Le 17 novembre dernier, les services de la Pastorale de la Santé et du service de formation du diocèse ont proposé une journée de réflexion ouverte à tous sur les enjeux de la fin de vie.

Jean Matos, formateur en éthique du soin auprès de nombreux établissements médicaux et médico-sociaux et travaillant avec Mgr d’Ornellas sur les questions éthiques, nous a invité tout d’abord à nous méfier de nos certitudes comme étant des vérités absolues. S’il est bon d’avoir des convictions, il est moins bon de les imposer aux autres ! Chacun a en soi une part de vérité, cette vérité étant faite de nuances en fonction de nos sensibilités culturelles, éthiques ou spirituelles.

 

Pas de dignitomètre pour mesurer le dignité des individus

Le mot « dignité » par exemple illustre un concept différent pour les personnes qui désirent  « mourir dans la dignité ». Pour Jean Leonetti, ancien député français et à l’origine de la loi relative à la fin de vie de 2005, il n’existe pas de « dignitomètre », appareil de mesure donnant la dignité d’un individu.
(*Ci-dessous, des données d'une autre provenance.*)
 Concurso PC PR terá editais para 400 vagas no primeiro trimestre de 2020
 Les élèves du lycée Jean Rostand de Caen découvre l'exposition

Tous nous avons la même dignité, la même valeur, à l’image d’un billet de banque selon qu’il soit froissé ou tout lisse sortant du distributeur !

Aujourd’hui en France, le code de santé publique impose que « Toute personne prend, avec le professionnel de santé et compte tenu des informations et des préconisations qu’il lui fournit, les décisions concernant sa santé » CSP L 1111-4

 

Nécessité de clarifier le vocabulaire

Jean Matos a clarifié les termes de « suicide assisté », « euthanasie », passive et active,  « sédation profonde ». Il a rappelé l’importance des « directives anticipées », de la personne de confiance et des nouveaux droits des malades que donne la loi Claeys-Leonetti à partir de février 2016.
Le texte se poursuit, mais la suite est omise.